The benefits system is on the verge of collapse, the work and pensions secretary, Iain Duncan Smith, said today.

Launching a consultation on cutting the welfare budget and increasing incentives to work, he said the complex system meant “dramatic amounts” of money was being wasted in overpayments.

Duncan Smith blamed many of the problems on the tax credit system introduced by Gordon Brown when he was chancellor.

Duncan Smith told the Today programme on BBC Radio 4: “The first thing that happened when I walked through the doors of the Department for Work and Pensions was my officials said to us ‘for goodness’ sake, let’s get on and reform this because we spend so much money holding together this complex system which is really, really on the verge of breaking down. Every day we worry that we simply will have a system breakdown and we will lose people as a result’.”

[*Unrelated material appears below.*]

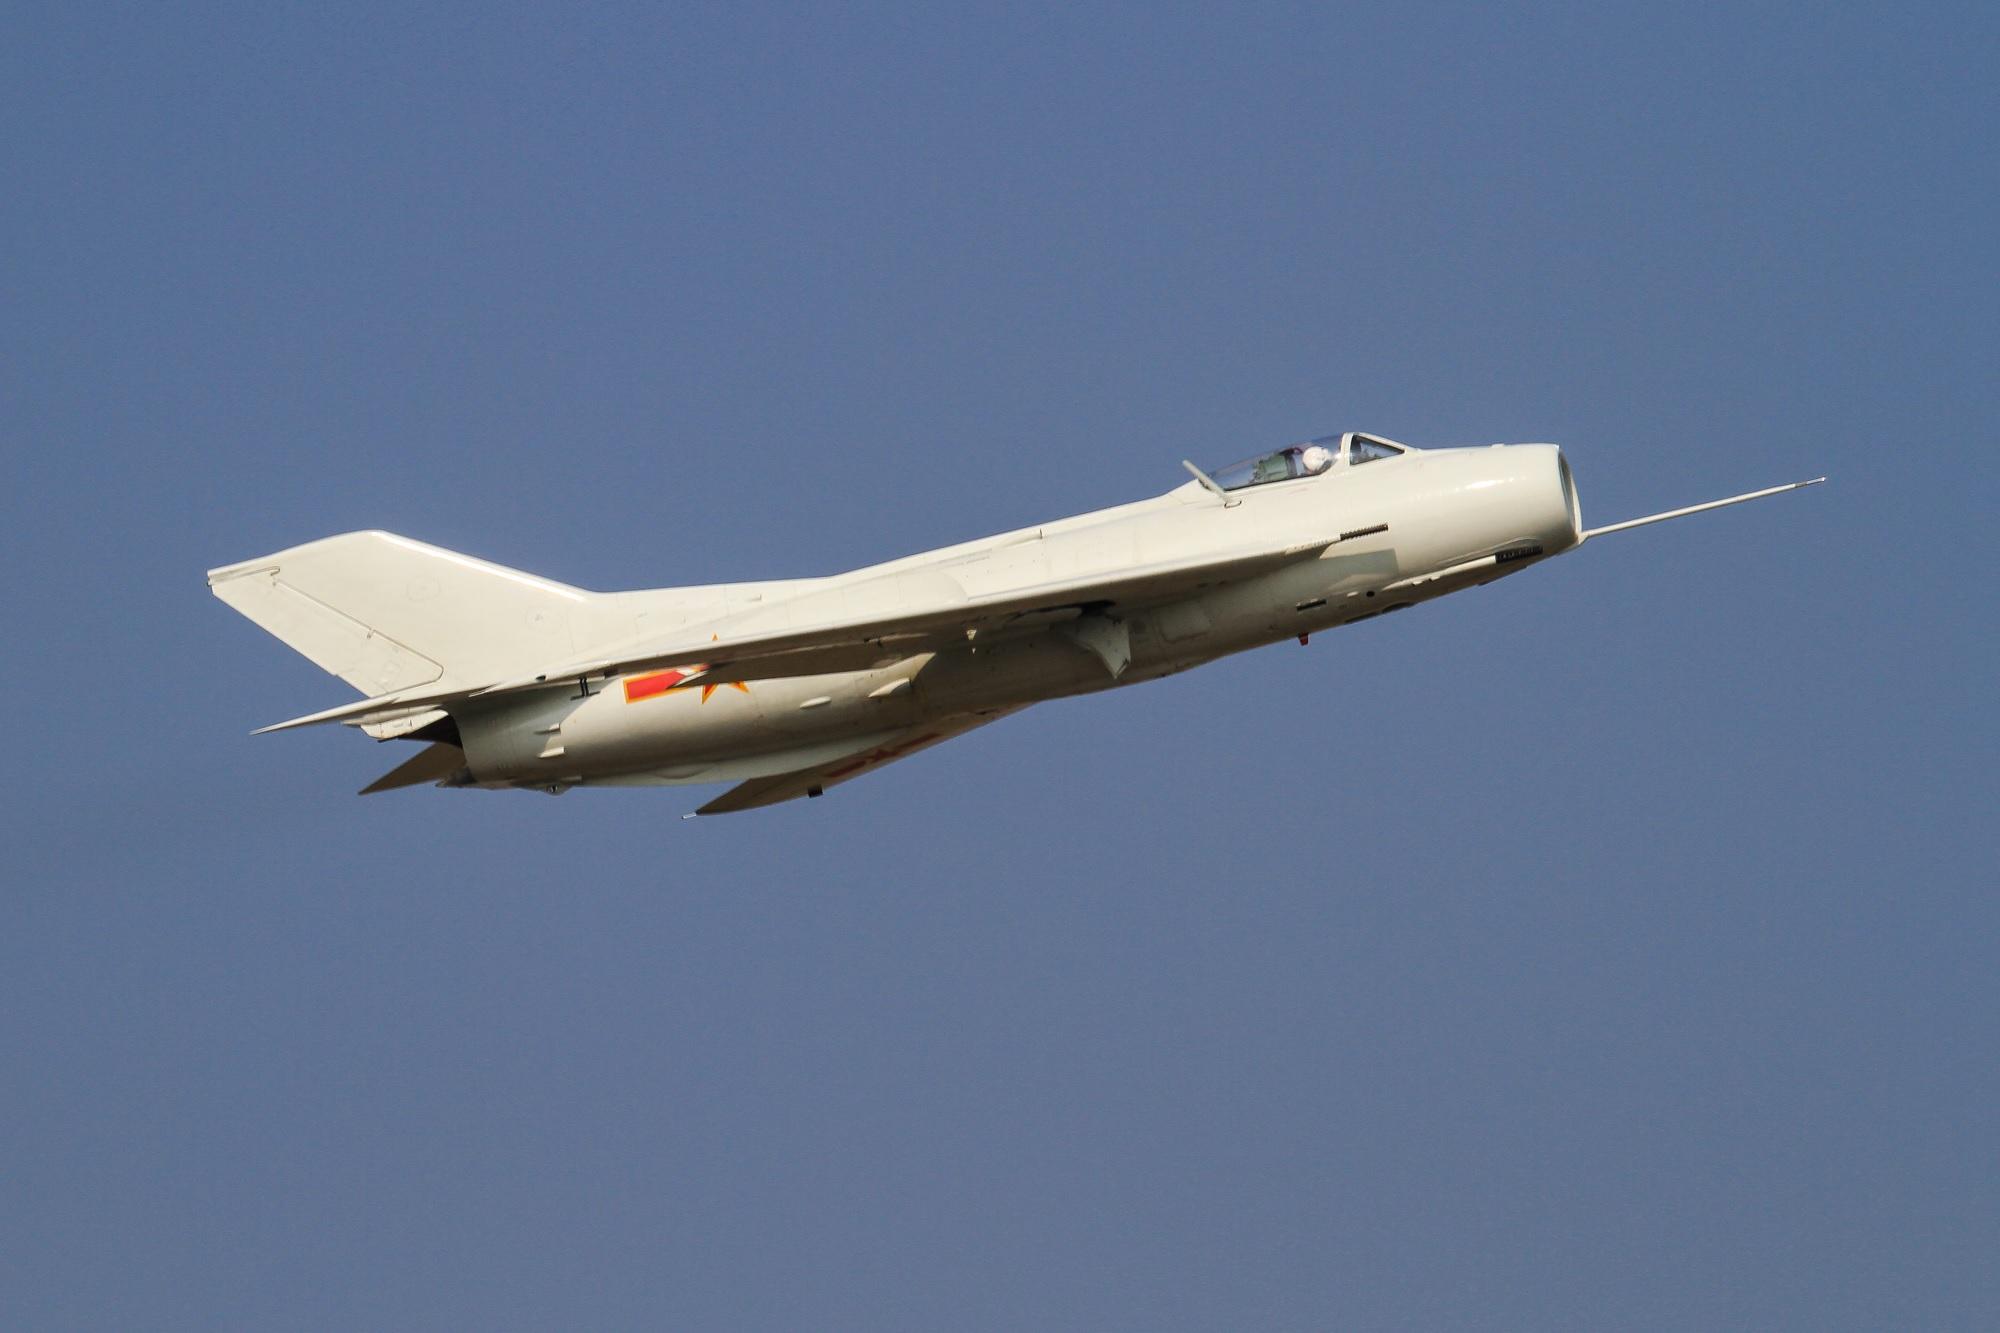 Kineski lovački avion Shenyang J-6 u letu / Foto Wikimedia Commons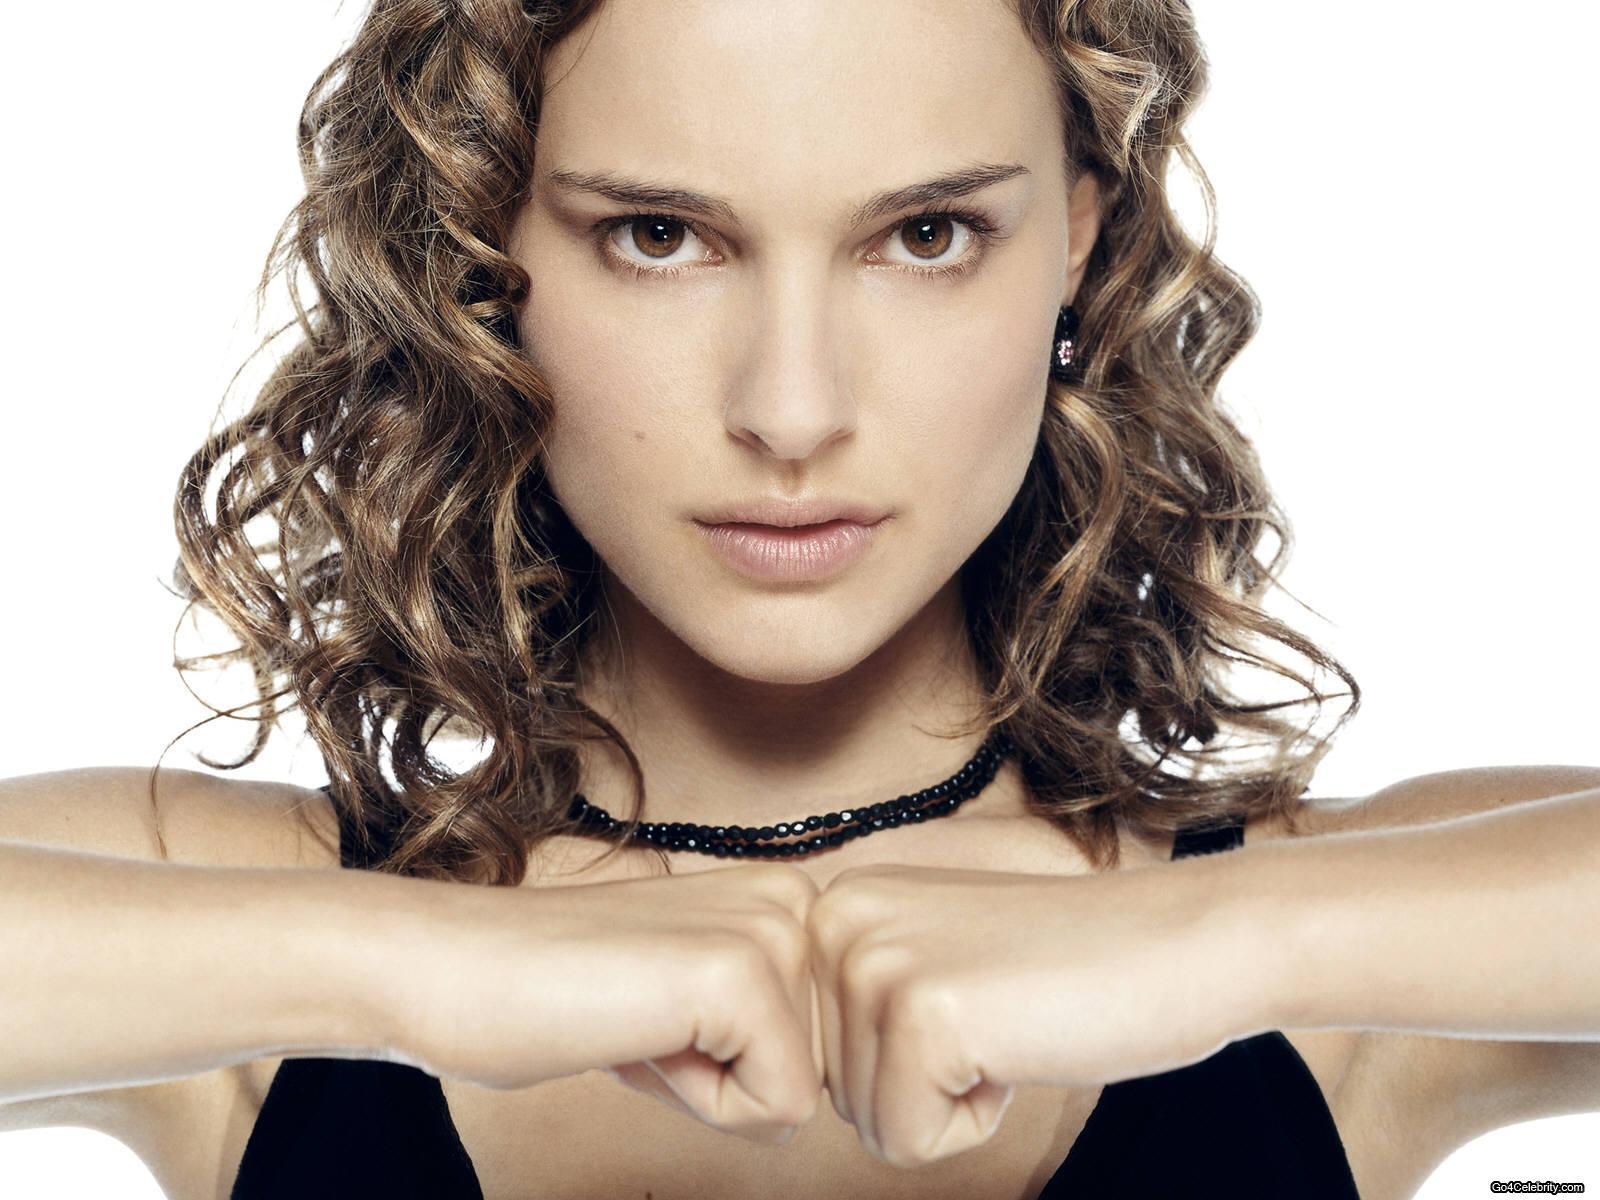 Uneedallinside Natalie Portman Latest Images  Hot Stills -7352

Duncan Smith revealed claimants might receive different levels of benefit depending on where they live. “We want to talk to people from different areas to see whether or not they think they would prefer to see that.”

Duncan Smith, who claims the present system has risen in costs by £60bn over the past 10 years, is expected to float three possible schemes in his announcement today.

Options to be published will include combining elements of the current income-related benefits and tax credit systems, bringing out-of-work and in-work support together in a single system and supplementing monthly household earnings through credit payments reflecting circumstances such as children, housing and disability.

Officials from Duncan Smith’s department have pointed to a report this week from the HM Revenue & Customs (HMRC) highlighting a new PAYE system that would make it easier to adjust tax credits and benefit payments on time as income changes, rather than annually as is the case with work credits, or when a recipient notifies the HMRC of a change in income.

The tax credit system would no longer be based on annual updates of an individual’s income.

Department for Work and Pensions officials say the change would put tax credit payments into line with the standards the public expect from banks, and will allow flexibility so that people can be assured of the right support even if they take on temporary work.